Contains code for running the dependency parsing experiments, described in our paper Enhancing deep neural networks with morphological information:
@misc{klemen2020enhancing,
title={Enhancing deep neural networks with morphological information},
author={Matej Klemen and Luka Krsnik and Marko Robnik-Šikonja},
year={2020},
eprint={2011.12432},
archivePrefix={arXiv},
primaryClass={cs.CL}
}
This code contains some modifications of the Biaffine Dependency Parser (Dozat and Manning, 2017) from SuPar. The original repository contains additional models for dependency and constituency parsing as well as a richer documentation.
The modifications made here are:
- Decoupled features used as additional input: the original implementation allowed only one of
{character embeddings | UPOS embeddings | BERT embeddings }
to be used at a time in addition to word embeddings. - Option to use Universal Features embeddings as additional input: Each feature gets embedded with a D-dimensional
vector, in total creating a vector of length
23 * <ufeats_embedding_size>
(Typo
is not used). - Minor component tweaks: e.g. BERT is tuned together with the parser (previously frozen), BERT parameters are tuned with a smaller (fixed) learning rate, all BERT layers are used instead of just the last four.
$ git clone https://github.com/matejklemen/morphological-dependency-parsing && cd parser
$ python setup.py install
For full list of options please check supar/cmds/{biaffine_dependency.py, cmd.py}
.
Many of the parameters are self explanatory, so here are just some specifics:
--path
is the path where best checkpoint will be saved to or loaded from.--embed
is the path to load the pretrained word embeddings from (if not provided, they will be trained from scratch). In our case, we use word embeddings, extracted from fastText.--include_char
,--include_bert
,--include_upos
,--include_ufeats
,--include_lstm
are flags to determine which features are used in addition to word embeddings.
The character embeddings are fixed to size 50, BERT embeddings are of size corresponding to the used model's hidden size, while POS, universal feature and LSTM embedding sizes are tunable with--upos_emb_size
(default: 50),--ufeats_emb_size
(default: 30) and--lstm_emb_size
(default: 128).--bert
determines the used BERT (actually any transformers compatible) model for BERT embeddings.--patience
is the early stopping tolerance used to stop model training after the mean of UAS and LAS does not improve for specified number of rounds.

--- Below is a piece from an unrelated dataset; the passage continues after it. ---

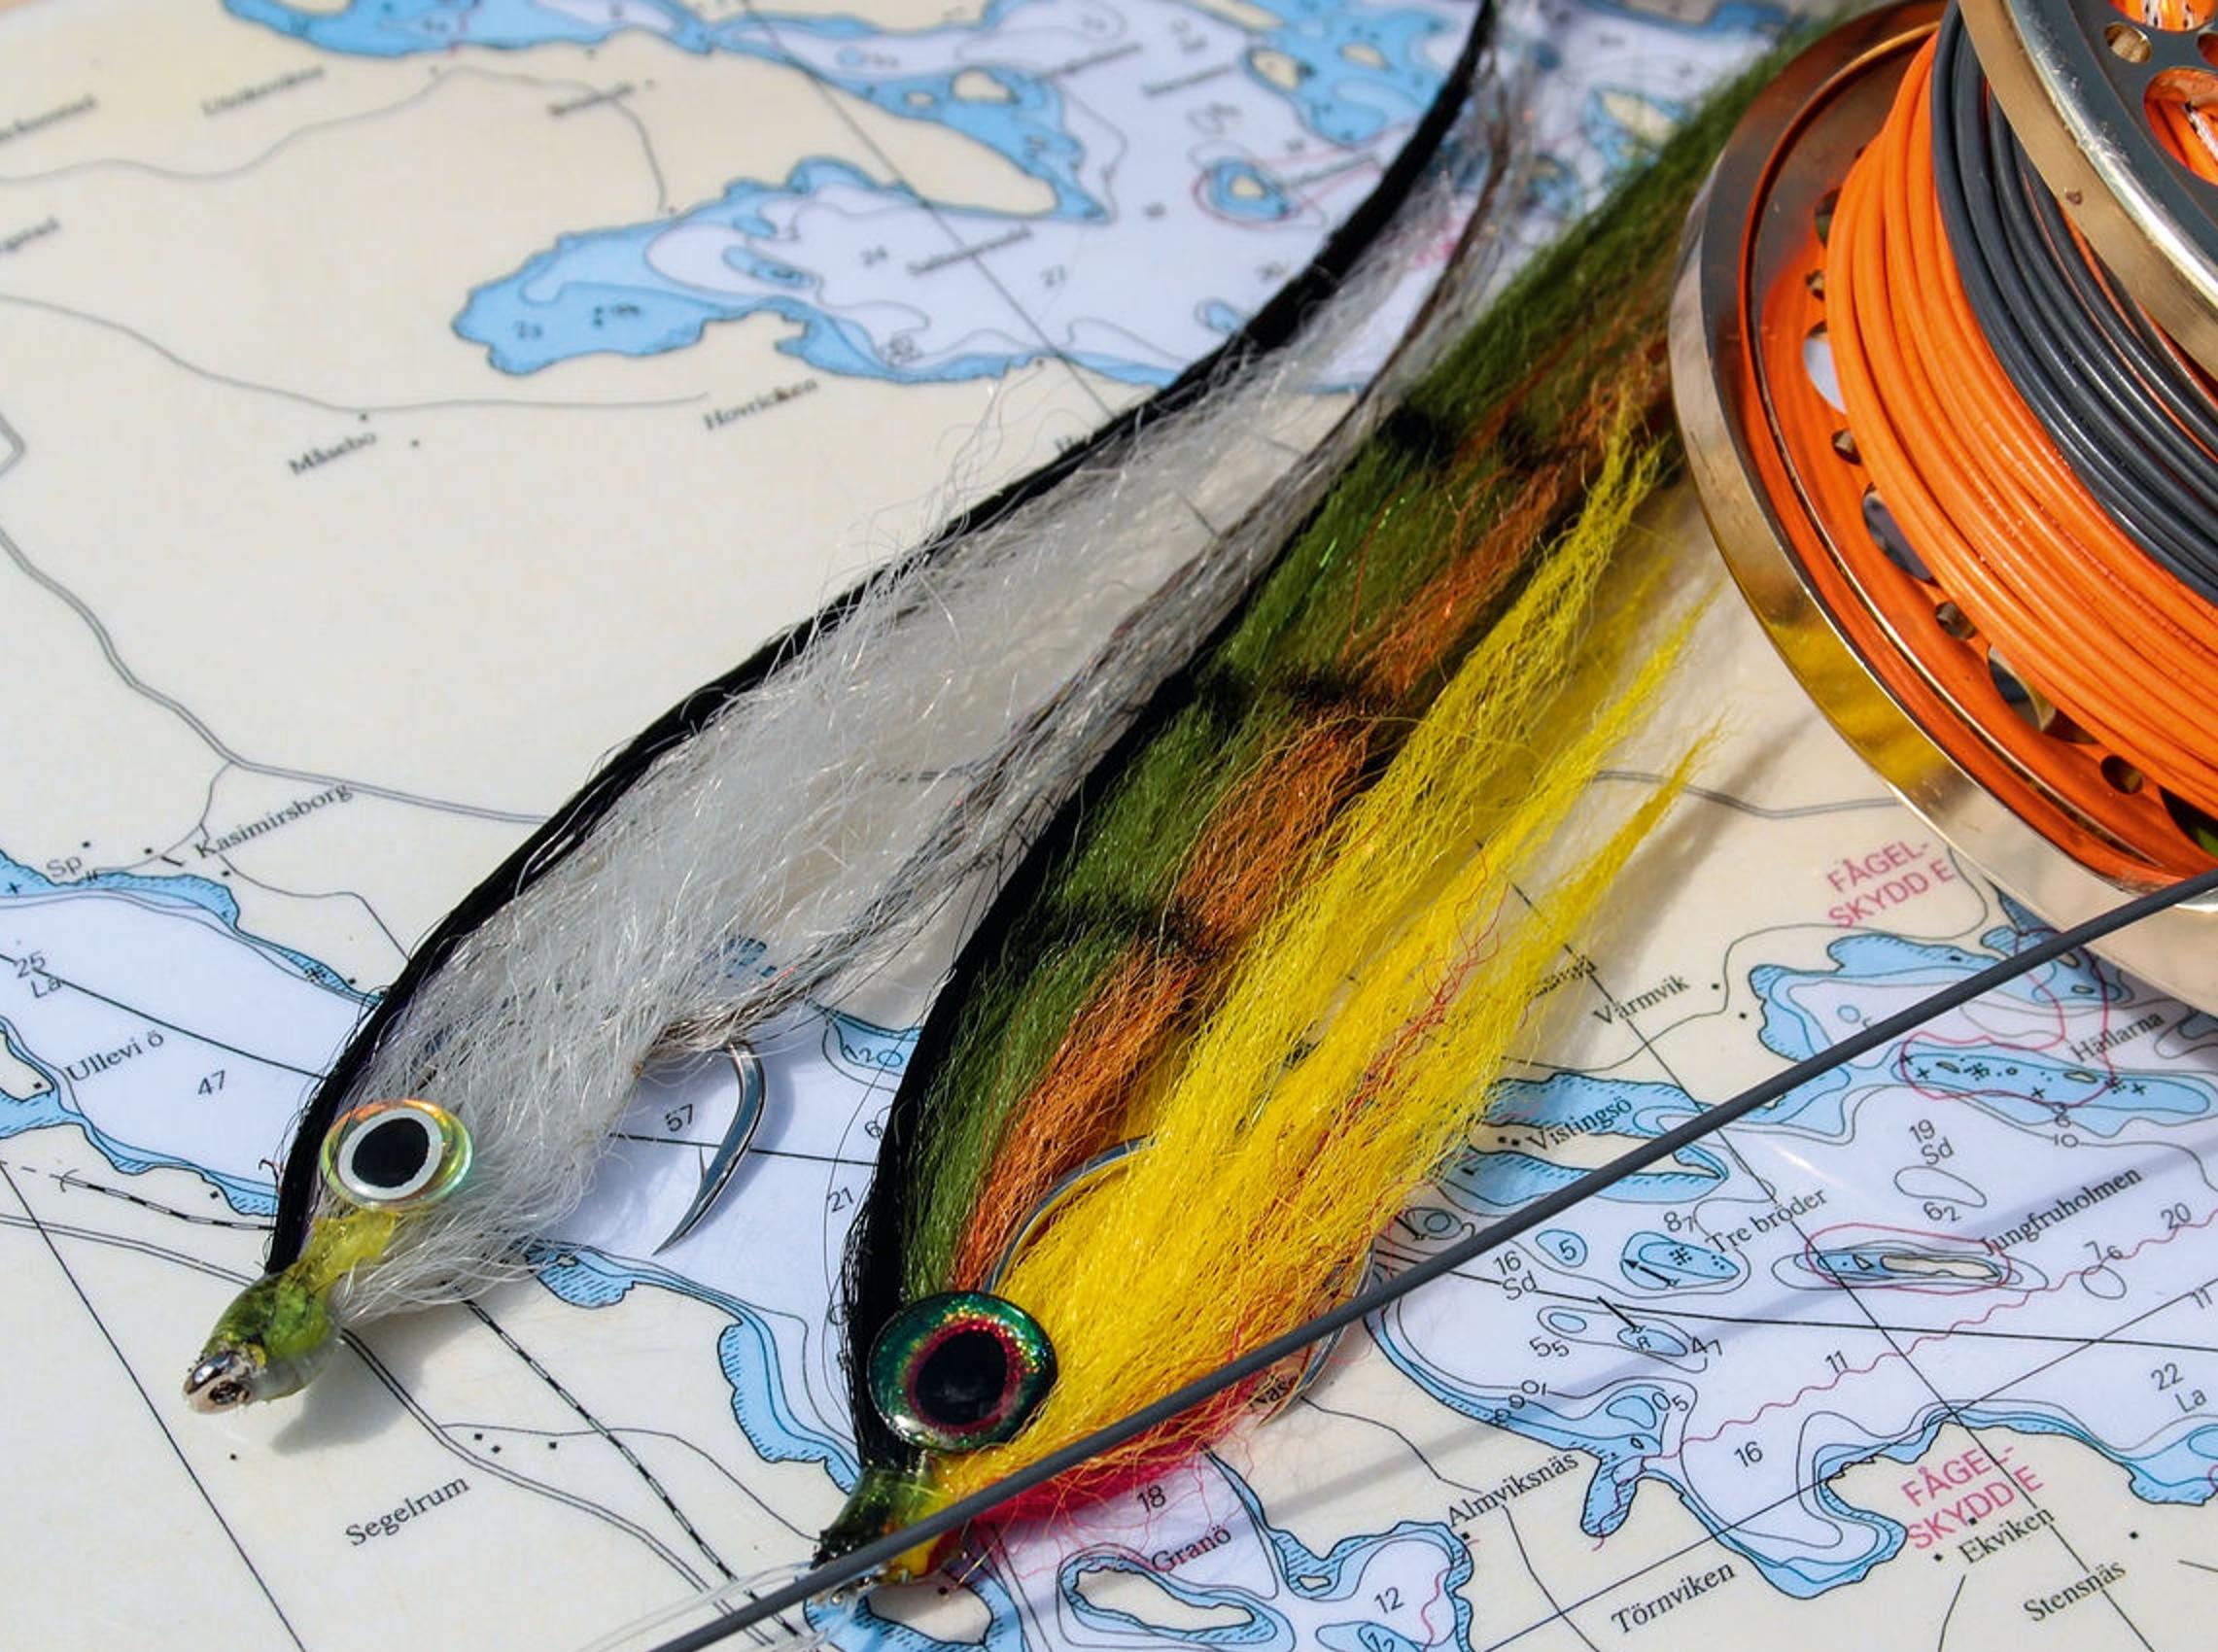 """Wenn es um den Hecht-Fang mit Streamer und Fliegenrute geht, dann machen Sie mit den Basisfarben """"Weißfisch"""" und """"Barsch"""" nichts falsch und vieles richtig. Kaufen oder binden Sie die Streamer aus Kunstfaser, dieses Material nimmt kein Wasser auf und die Streamer sind einfacher zu werfen."""

$ python3 -m supar.cmds.biaffine_dependency train \
--path="en_model_with_bert_upos/model" \
--tree \
--device 0 \
--build \
--batch_size=64 \
--punct \
--train="UD_English-EWT/en_ewt-ud-train.conllu" \
--dev="UD_English-EWT/en_ewt-ud-dev.conllu" \
--test="UD_English-EWT/en_ewt-ud-test.conllu" \
--embed="" \
--n_embed=100 \
--include_upos \
--upos_emb_size=50 \
--include_bert \
--bert="bert-base-multilingual-uncased"
- Timothy Dozat and Christopher D. Manning. 2017. Deep Biaffine Attention for Neural Dependency Parsing.